Using radar to measure the distance to an object is fairly straightforward, and much like using an echo. Dolphins find their way around underwater in this way, and you judge the sizes of large, dark rooms this way! We are going to simulate radar using a person for the pulse of light.

  1. Find a place outside or along a long hallway that you would like to measure (e.g. the distance between buildings or trees or classrooms). Both partners should begin at the same location.
  2. One of you will be the radar pulse, and the other will be the scientist on Earth. Radar works because we know the speed at which light travels. Because your "radar pulse" will not travel at the speed of light, you need to find the actual speed of the "radar pulse". The "radar pulse" should walk at an even, repeatable speed, and the scientist should measure how far the pulse travels in 5 seconds. Calculate the speed of travel from the distance and the time.
  3. The scientist gives the signal to begin, and the radar pulse begins to travel toward the object. The scientist times the "radar pulse's" trip (both going to the object and returning). When the pulse comes to the object, it "bounces" off, and travels back in the direction it came. The number of seconds elapsed is the total time, T, taken for the pulse to travel out, bounce off the object, and travel back again.
  4. The distance to the object, d, is given by:

    d=s·(t/2)

    (This equation may be more familiar to you if worded this way: the distance traveled is equal to the speed times the time it took to get there. So if you are travelling at 60 mph for one hour, you've traveled 60 miles.)
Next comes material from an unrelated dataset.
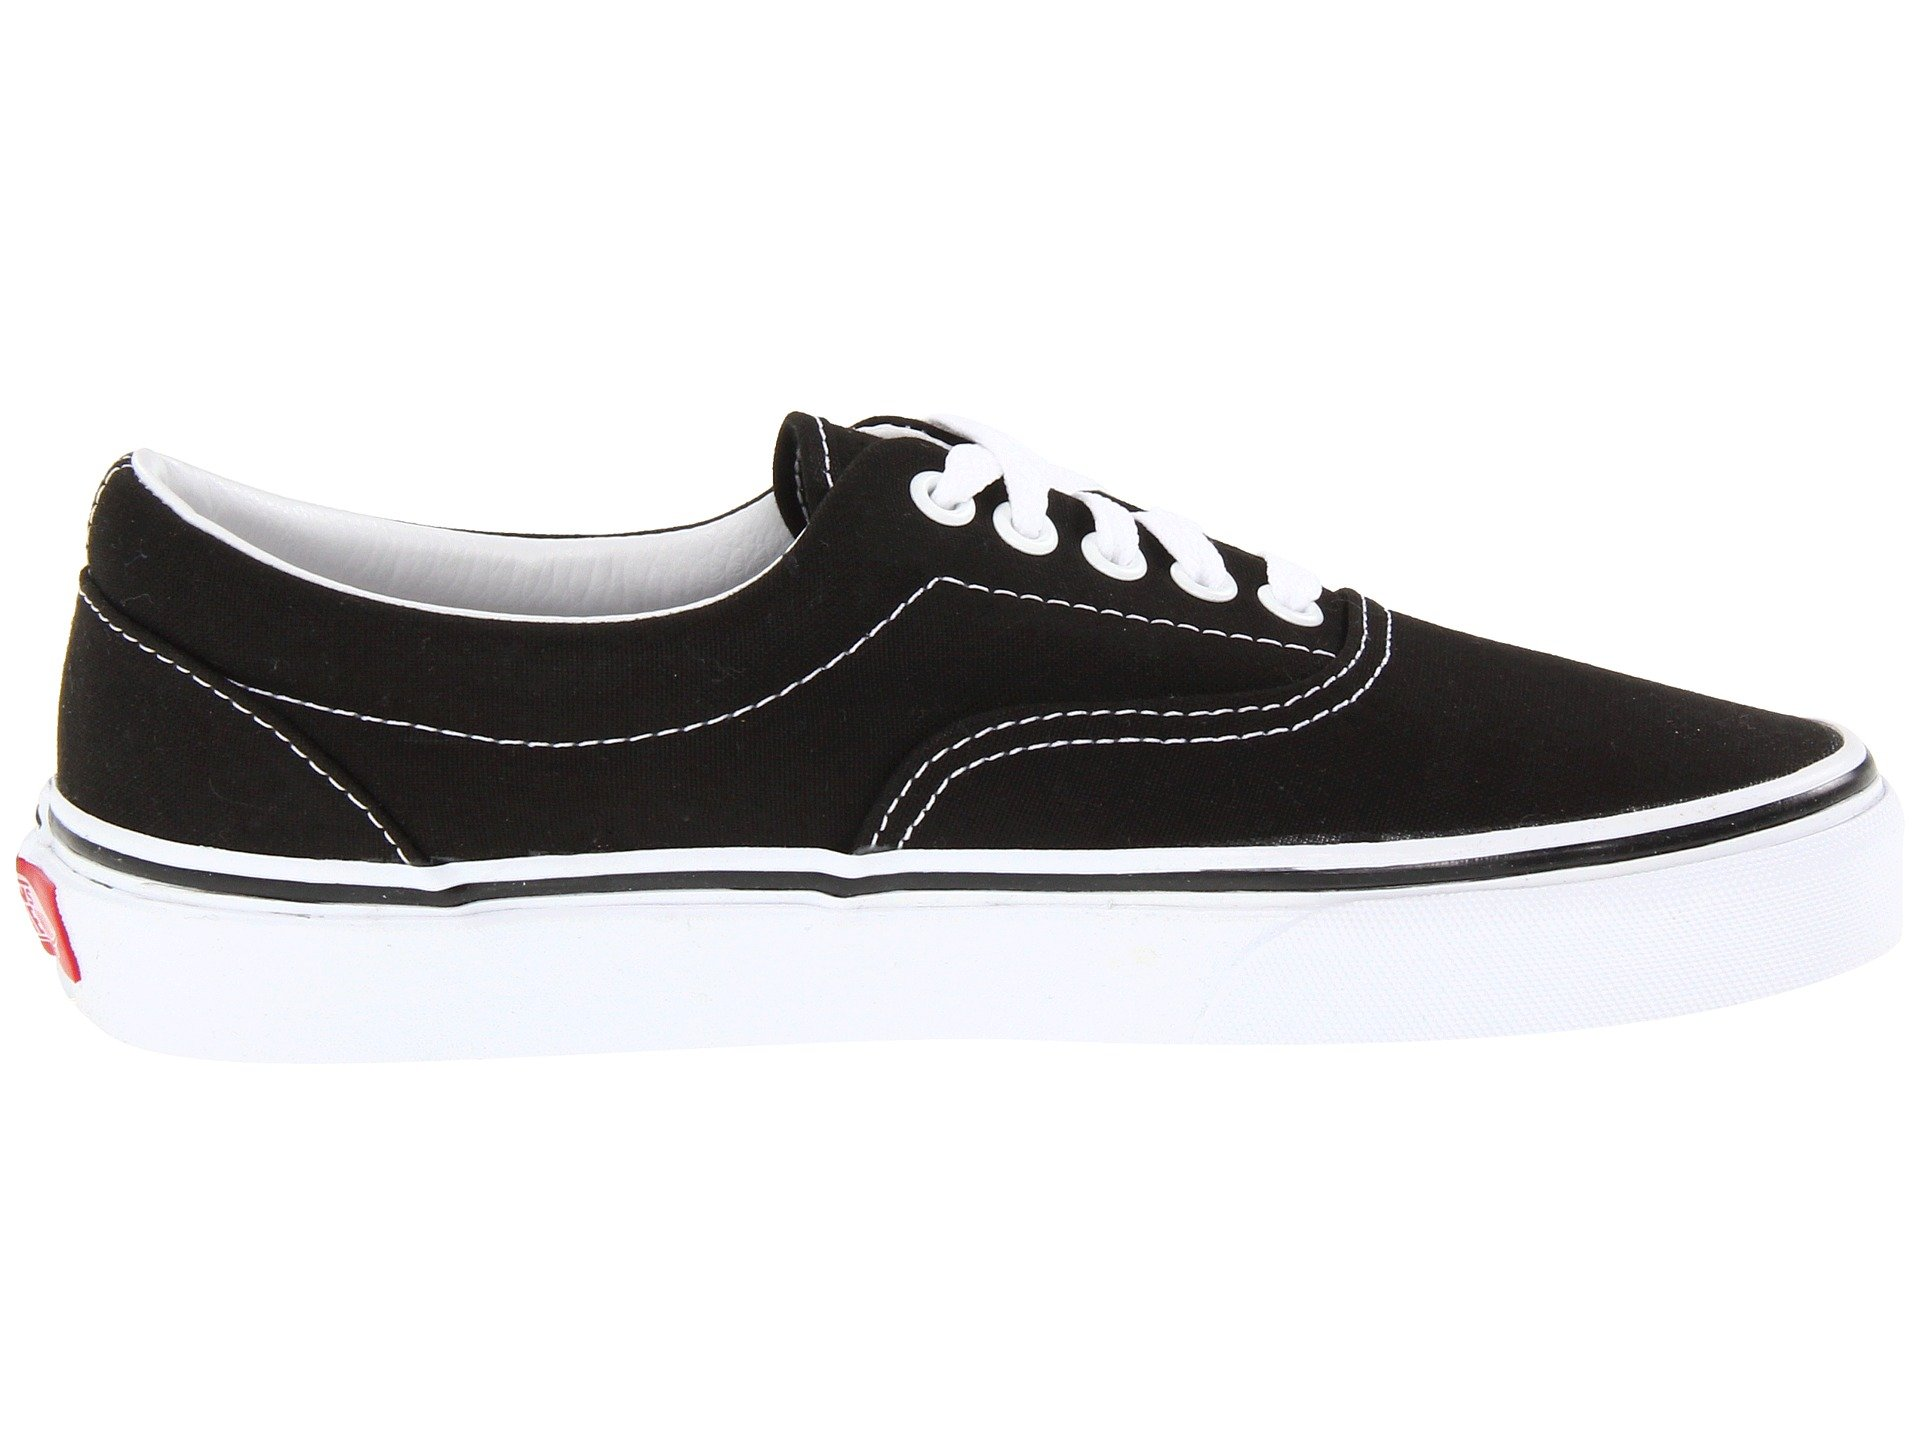 6d8487b9fae3 Buy vans sneakers zappos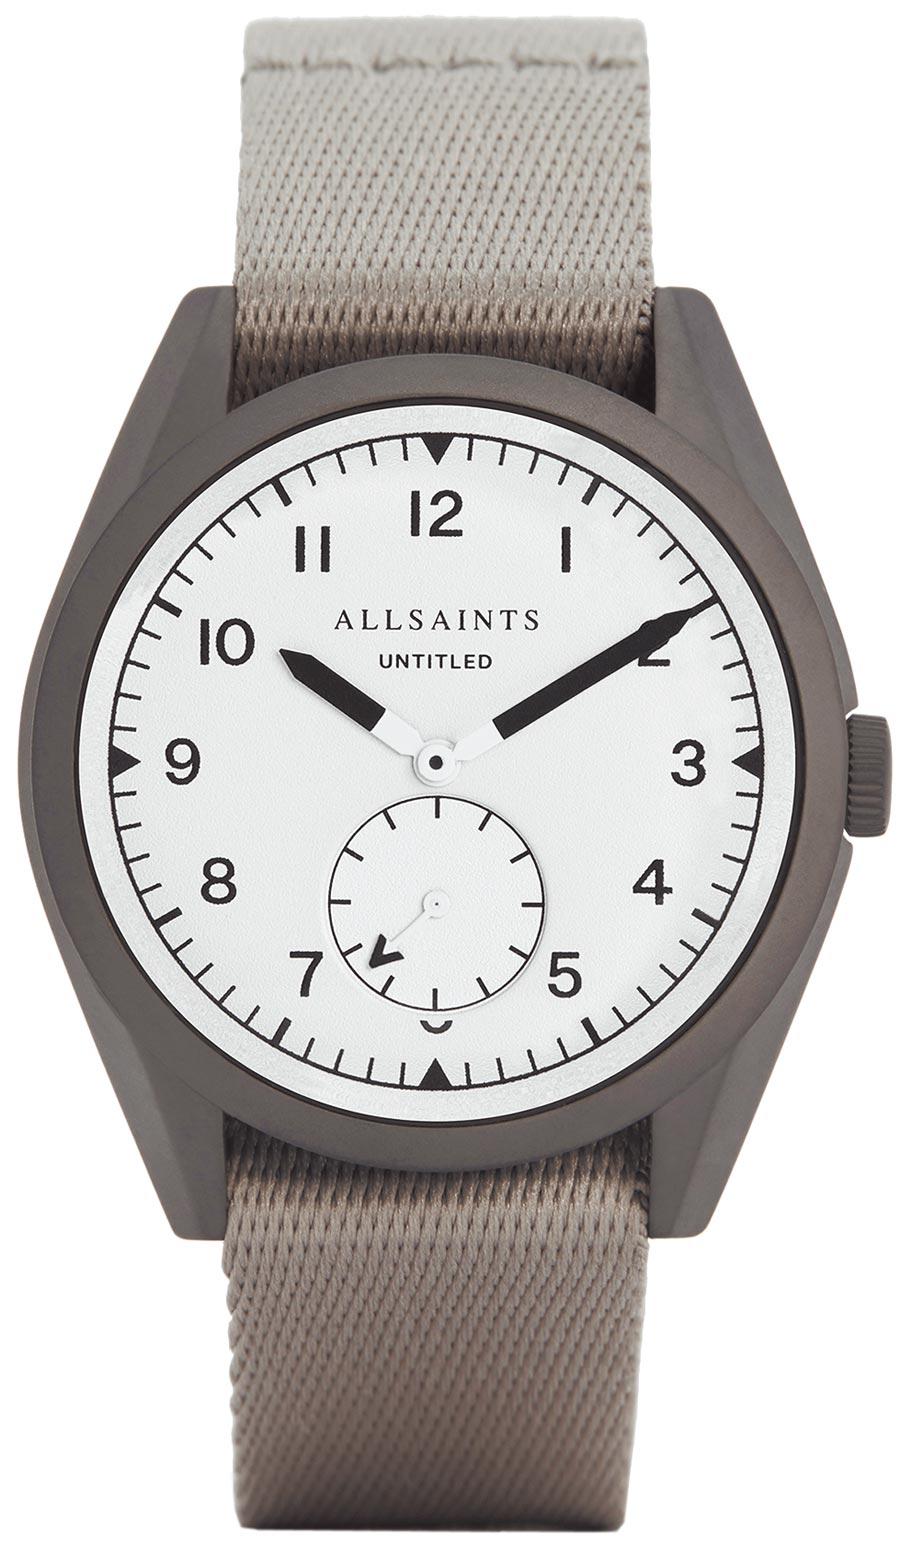 AllSaints UNTITLED II腕表,7100元。(AllSaints提供)

    In astronomy, a radio telescope is used for the radar dish (the Arecibo Radio Telescope, for example), the radar pulse travels at the speed of light (186,000 miles per second), and much larger distances are involved, such as the distance to Mercury.

Part 2: Parallax:

  1. First, let's play around with this idea a little bit. One lab partner should stand off to the side, and hold a pen in front of the other. Alternately open and close each eye. The pen appears to move relative to the background (the stuff behind it). With one eye closed, try to reach out and touch the pen. It is surprisingly difficult! Now try it with both eyes open. It is much easier! What's happening? Your eyes turn to focus on the pen. This is very obvious when the pen is close to your face, and your eyes are "crossed". Your brain measures the tension in your eye muscles, and knows (from experience) how far they are turned from straight-ahead. In other words, it measures the angles of your eyes. From these two angles, it "computes" the distance to the object. You can watch babies (and drunk people!) learning to do this, as they reach for stuff and miss, and reach again and miss, and reach again and grab it. (Drunk people have a problem because they have a hard time focusing on objects---they've lost their fine motor control, even in their eyes. So the brain has to try to relearn how to judge distances.) Have your lab partner move the pen closer to you. Now when you alternately open and close one eye does the pen appear to move more or less than before? What about when the pen is further away? What does this say about the usefulness of parallax at various distances?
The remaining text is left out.